The Knowledge Graph Model
A knowledge graph is a network of nodes (things) connected by edges (relationships). In Graphify:
- Nodes represent code entities (functions, classes, modules), concepts from documents, and rationale fragments (design decisions from comments)
- Edges represent relationships:
calls,imports,contains,inherits,semantically_similar_to,rationale_for - Communities are clusters of densely-connected nodes discovered automatically
Click a node to see its details. Hover over edges to see relationship types.
Confidence Tiers
Every relationship in the graph is tagged with a confidence level. This is Graphify's honesty mechanism — you always know what was found vs. what was guessed.
| Tier | Score | Example |
|---|---|---|
| EXTRACTED | 1.0 (always) | An import statement, a direct function call |
| INFERRED | 0.5 – 0.9 | Two functions likely calling each other (name matching) |
| AMBIGUOUS | Unscored | A possible relationship flagged for human review |
How Confidence Influences the System
- Report sorting: AMBIGUOUS connections surface first in "surprising connections"

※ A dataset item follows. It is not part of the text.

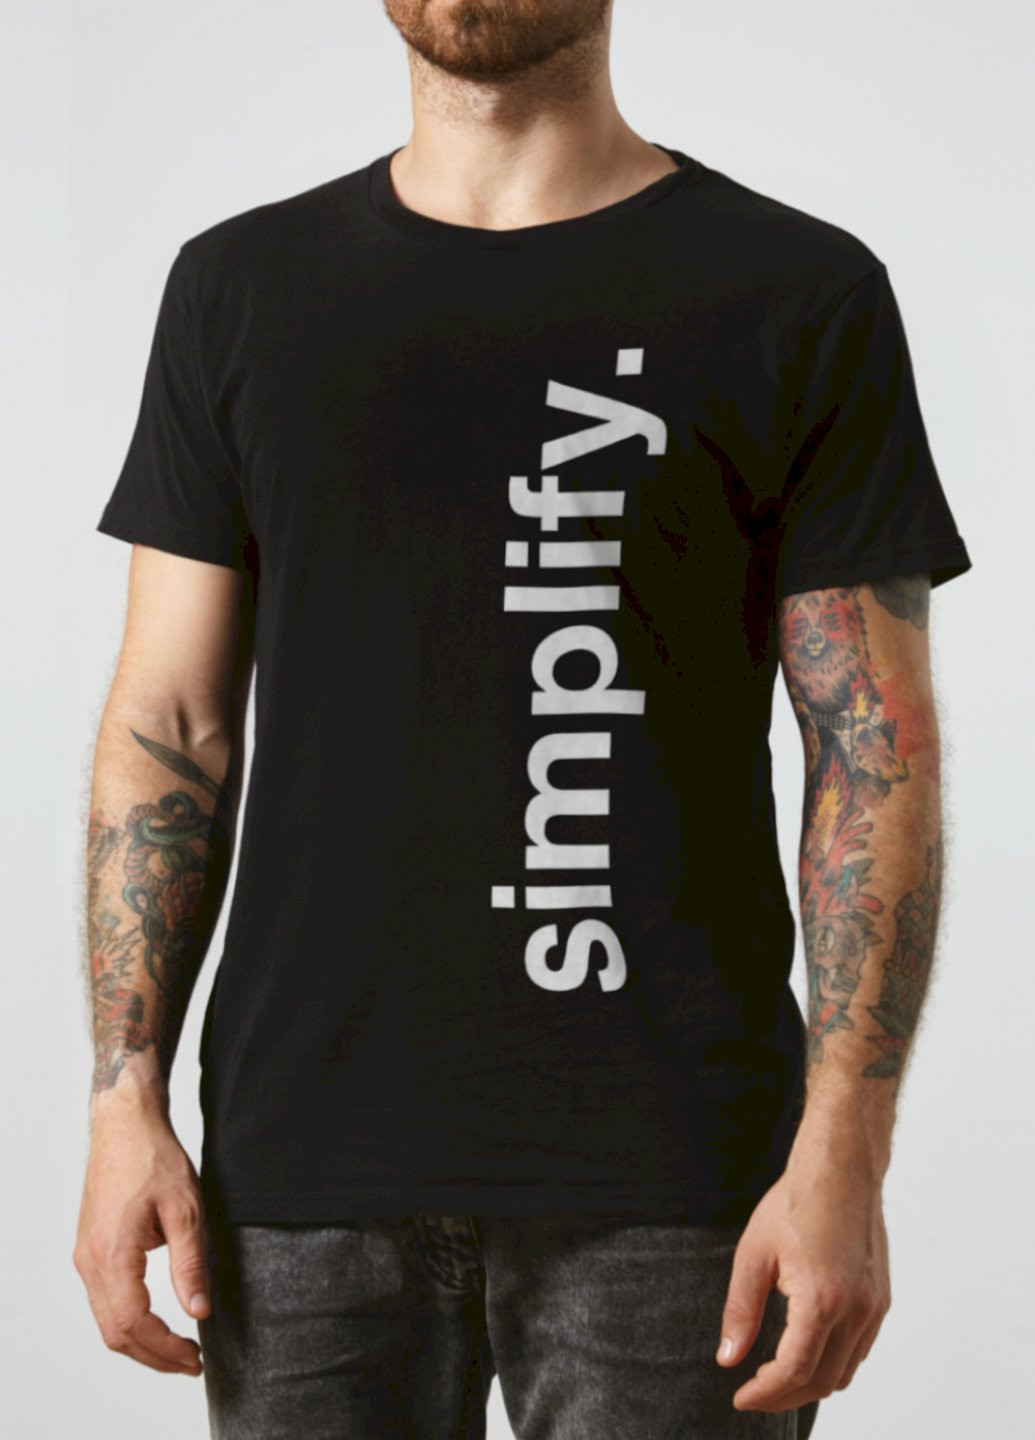 Черная футболка "simplify" Ctrl+

- Question generation: The system generates questions about ambiguous and inferred relationships
- Surprise scoring: Lower confidence + cross-file-type = higher surprise score
- God node filtering: INFERRED edges on god nodes trigger review questions
Node Types
| Type | file_type | Created By |
|---|---|---|
| Function | code | tree-sitter AST parsing |
| Class | code | tree-sitter AST parsing |
| Import / Module | code | tree-sitter AST parsing |
| Concept | document / paper | Claude semantic extraction |
| Visual Concept | image | Claude vision extraction |
| Rationale | rationale | Comment patterns: # WHY:, # NOTE:, # HACK: |
Communities
Graphify automatically groups related nodes into communities. Think of them as neighborhoods in your codebase — nodes that are densely connected end up grouped together.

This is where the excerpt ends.